Transition team members praised Harp as a compassionate leader keen on equalizing opportunity for the city’s residents. Joyner, who developed the Yale Child Study Center’s School Development Program after nearly two decades spent teaching in the New Haven Public Schools, said the mayor-elect has the power to “help level the playing field for our community.” He said her message of inclusion has personal significance for him, having grown up in the South when there was still a racial “pecking order in American society.”

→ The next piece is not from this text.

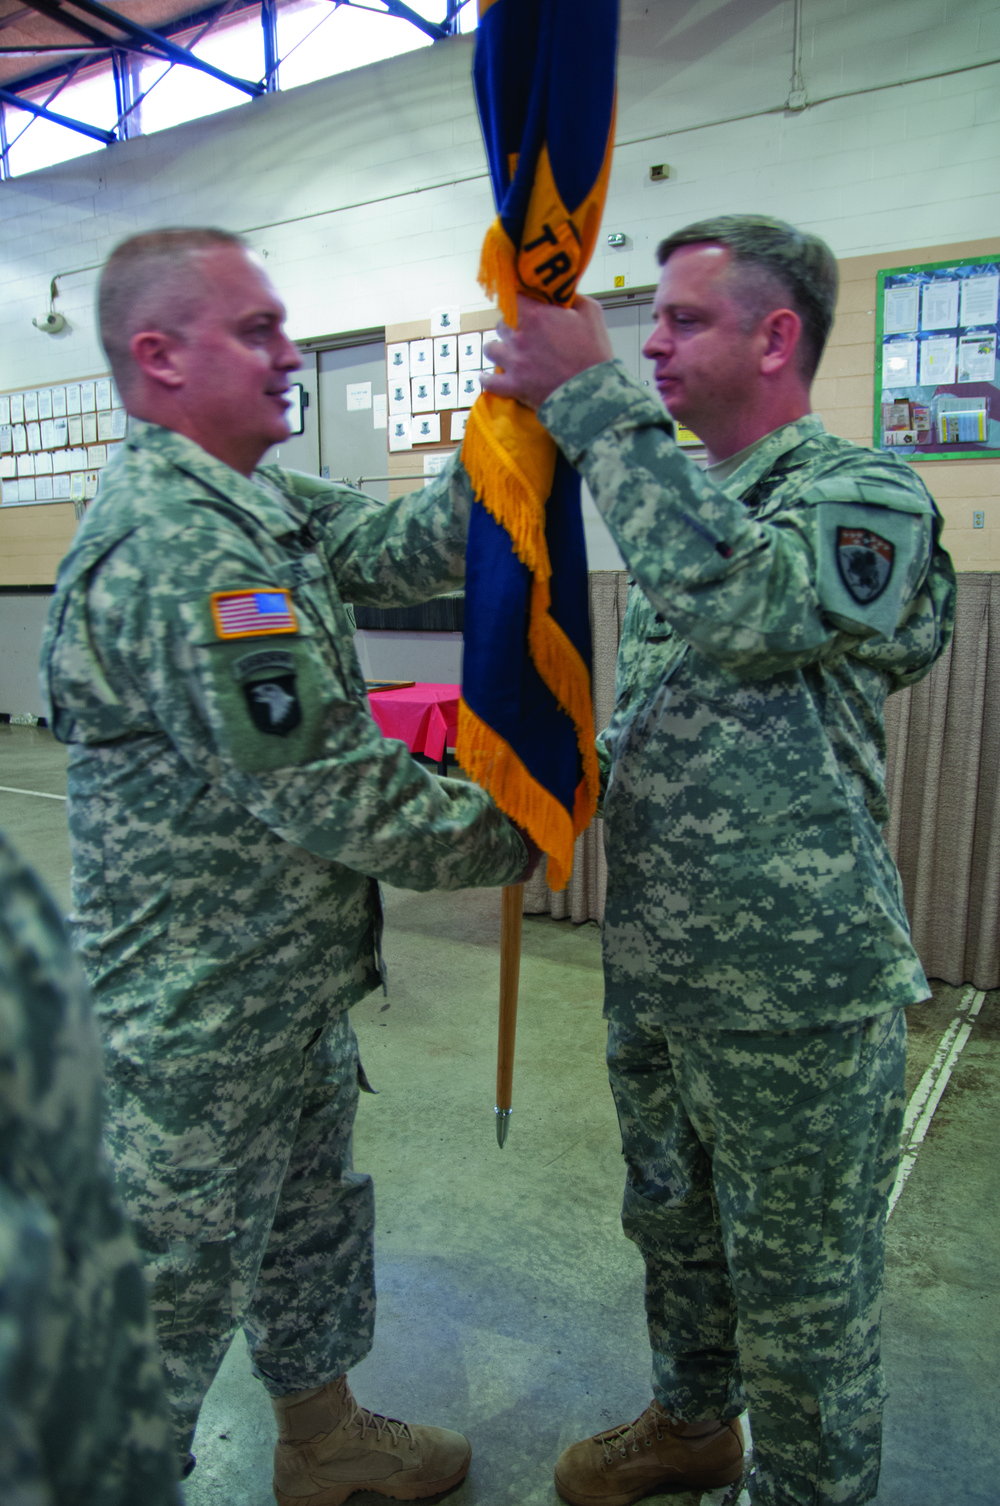 751st Troop Command Change of Command
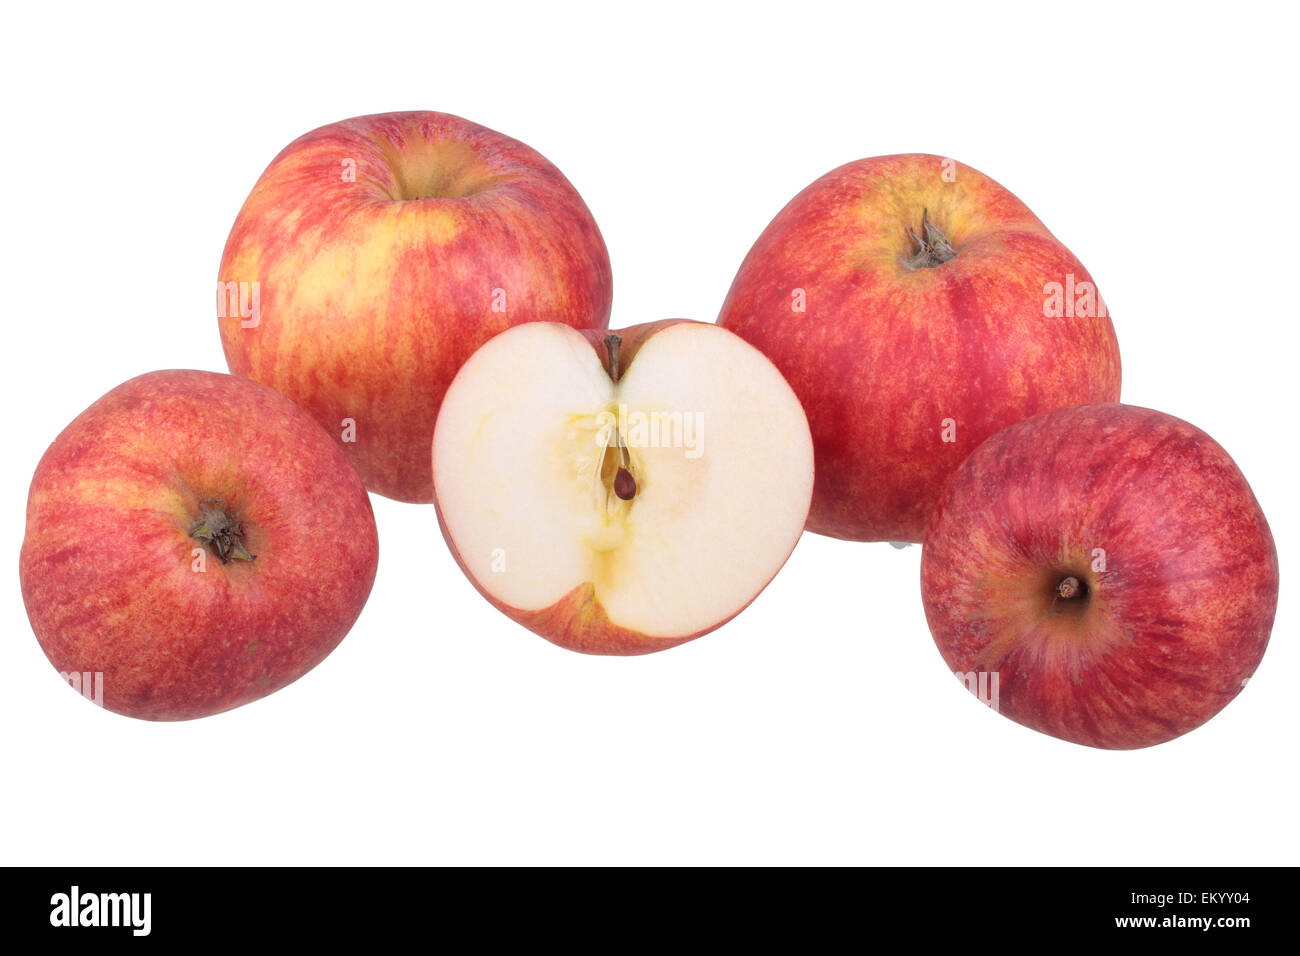 Red Gravenstein apple variety with cut apple Stock Photo

Some members of the transition team recounted extensive ties to the mayor-elect. Attorney Tamiko Jackson said she attended Harp’s wedding, and former Ward 7 Alderwoman Esther Armmand recalled how Harp mentored her when both served on the New Haven Board of Aldermen. Others, including Jim Segaloff, attorney and former chairman of the city’s Civil Service Commission, lack personal ties to Harp but said they were drawn to her vision for the city and respect her 20 years of service as a state senator.

“I’m one of the people who didn’t grow up here; I came here as one of those obnoxious Yalies” said Angel Fernandez-Chavero ’85, a Fair Haven activist and political and management consultant, commenting on the high concentration of Elm City natives in the group.

Other transition team members are: La Voz Hispana publisher Norma Rodriguez-Reyes, state Commission on Human Rights and Opportunities member Alix Simonetti, statewide political staffer Rick Melita and Bill Carbone, former executive director of Connecticut’s Court Supportive Services Division.